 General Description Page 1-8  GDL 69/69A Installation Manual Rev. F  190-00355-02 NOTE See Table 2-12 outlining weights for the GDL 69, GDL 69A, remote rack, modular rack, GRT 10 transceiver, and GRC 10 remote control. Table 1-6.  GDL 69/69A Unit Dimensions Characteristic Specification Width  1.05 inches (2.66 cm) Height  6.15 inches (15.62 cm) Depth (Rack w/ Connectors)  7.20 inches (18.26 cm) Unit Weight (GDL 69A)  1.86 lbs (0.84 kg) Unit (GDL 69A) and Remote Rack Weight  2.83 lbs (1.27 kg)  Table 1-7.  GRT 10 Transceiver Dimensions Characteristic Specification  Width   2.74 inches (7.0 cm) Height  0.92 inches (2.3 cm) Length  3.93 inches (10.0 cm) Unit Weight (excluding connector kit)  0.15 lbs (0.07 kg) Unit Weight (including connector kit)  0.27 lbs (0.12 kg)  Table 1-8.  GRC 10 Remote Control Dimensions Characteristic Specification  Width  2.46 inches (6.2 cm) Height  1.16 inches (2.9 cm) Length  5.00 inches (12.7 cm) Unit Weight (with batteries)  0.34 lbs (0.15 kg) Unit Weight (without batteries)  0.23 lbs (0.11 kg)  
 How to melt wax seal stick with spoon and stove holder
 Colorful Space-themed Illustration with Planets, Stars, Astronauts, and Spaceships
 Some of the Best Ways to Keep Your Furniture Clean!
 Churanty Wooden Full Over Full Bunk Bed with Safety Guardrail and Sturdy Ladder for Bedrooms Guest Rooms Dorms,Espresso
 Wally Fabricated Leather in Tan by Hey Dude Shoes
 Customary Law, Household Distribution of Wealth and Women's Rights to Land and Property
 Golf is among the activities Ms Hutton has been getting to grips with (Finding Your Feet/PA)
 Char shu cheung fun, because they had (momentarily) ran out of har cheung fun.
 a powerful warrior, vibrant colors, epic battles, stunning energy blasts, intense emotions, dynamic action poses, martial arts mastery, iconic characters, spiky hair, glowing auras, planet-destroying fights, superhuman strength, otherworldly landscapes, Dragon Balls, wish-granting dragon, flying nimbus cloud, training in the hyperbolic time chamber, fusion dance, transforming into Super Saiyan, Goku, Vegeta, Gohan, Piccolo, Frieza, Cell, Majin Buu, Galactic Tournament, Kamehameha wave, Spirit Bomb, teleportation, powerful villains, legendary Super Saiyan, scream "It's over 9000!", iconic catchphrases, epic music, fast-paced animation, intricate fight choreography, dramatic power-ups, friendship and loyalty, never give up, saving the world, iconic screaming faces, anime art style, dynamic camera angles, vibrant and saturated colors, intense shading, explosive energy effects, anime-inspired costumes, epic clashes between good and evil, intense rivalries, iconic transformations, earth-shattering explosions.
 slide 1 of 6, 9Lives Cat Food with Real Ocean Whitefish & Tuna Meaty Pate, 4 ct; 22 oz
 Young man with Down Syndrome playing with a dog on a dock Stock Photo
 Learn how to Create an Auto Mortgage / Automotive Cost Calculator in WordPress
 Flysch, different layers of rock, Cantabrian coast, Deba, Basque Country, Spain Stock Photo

◆ ◆ ◆ ◆ ◆ ◆ ◆

* [Exercise goal]
Give back the records above, character for character.

* [Answer box]
 General Description Page 1-8  GDL 69/69A Installation Manual Rev. F  190-00355-02 NOTE See Table 2-12 outlining weights for the GDL 69, GDL 69A, remote rack, modular rack, GRT 10 transceiver, and GRC 10 remote control. Table 1-6.  GDL 69/69A Unit Dimensions Characteristic Specification Width  1.05 inches (2.66 cm) Height  6.15 inches (15.62 cm) Depth (Rack w/ Connectors)  7.20 inches (18.26 cm) Unit Weight (GDL 69A)  1.86 lbs (0.84 kg) Unit (GDL 69A) and Remote Rack Weight  2.83 lbs (1.27 kg)  Table 1-7.  GRT 10 Transceiver Dimensions Characteristic Specification  Width   2.74 inches (7.0 cm) Height  0.92 inches (2.3 cm) Length  3.93 inches (10.0 cm) Unit Weight (excluding connector kit)  0.15 lbs (0.07 kg) Unit Weight (including connector kit)  0.27 lbs (0.12 kg)  Table 1-8.  GRC 10 Remote Control Dimensions Characteristic Specification  Width  2.46 inches (6.2 cm) Height  1.16 inches (2.9 cm) Length  5.00 inches (12.7 cm) Unit Weight (with batteries)  0.34 lbs (0.15 kg) Unit Weight (without batteries)  0.23 lbs (0.11 kg)  
 How to melt wax seal stick with spoon and stove holder
 Colorful Space-themed Illustration with Planets, Stars, Astronauts, and Spaceships
 Some of the Best Ways to Keep Your Furniture Clean!
 Churanty Wooden Full Over Full Bunk Bed with Safety Guardrail and Sturdy Ladder for Bedrooms Guest Rooms Dorms,Espresso
 Wally Fabricated Leather in Tan by Hey Dude Shoes
 Customary Law, Household Distribution of Wealth and Women's Rights to Land and Property
 Golf is among the activities Ms Hutton has been getting to grips with (Finding Your Feet/PA)
 Char shu cheung fun, because they had (momentarily) ran out of har cheung fun.
 a powerful warrior, vibrant colors, epic battles, stunning energy blasts, intense emotions, dynamic action poses, martial arts mastery, iconic characters, spiky hair, glowing auras, planet-destroying fights, superhuman strength, otherworldly landscapes, Dragon Balls, wish-granting dragon, flying nimbus cloud, training in the hyperbolic time chamber, fusion dance, transforming into Super Saiyan, Goku, Vegeta, Gohan, Piccolo, Frieza, Cell, Majin Buu, Galactic Tournament, Kamehameha wave, Spirit Bomb, teleportation, powerful villains, legendary Super Saiyan, scream "It's over 9000!", iconic catchphrases, epic music, fast-paced animation, intricate fight choreography, dramatic power-ups, friendship and loyalty, never give up, saving the world, iconic screaming faces, anime art style, dynamic camera angles, vibrant and saturated colors, intense shading, explosive energy effects, anime-inspired costumes, epic clashes between good and evil, intense rivalries, iconic transformations, earth-shattering explosions.
 slide 1 of 6, 9Lives Cat Food with Real Ocean Whitefish & Tuna Meaty Pate, 4 ct; 22 oz
 Young man with Down Syndrome playing with a dog on a dock Stock Photo
 Learn how to Create an Auto Mortgage / Automotive Cost Calculator in WordPress
 Flysch, different layers of rock, Cantabrian coast, Deba, Basque Country, Spain Stock Photo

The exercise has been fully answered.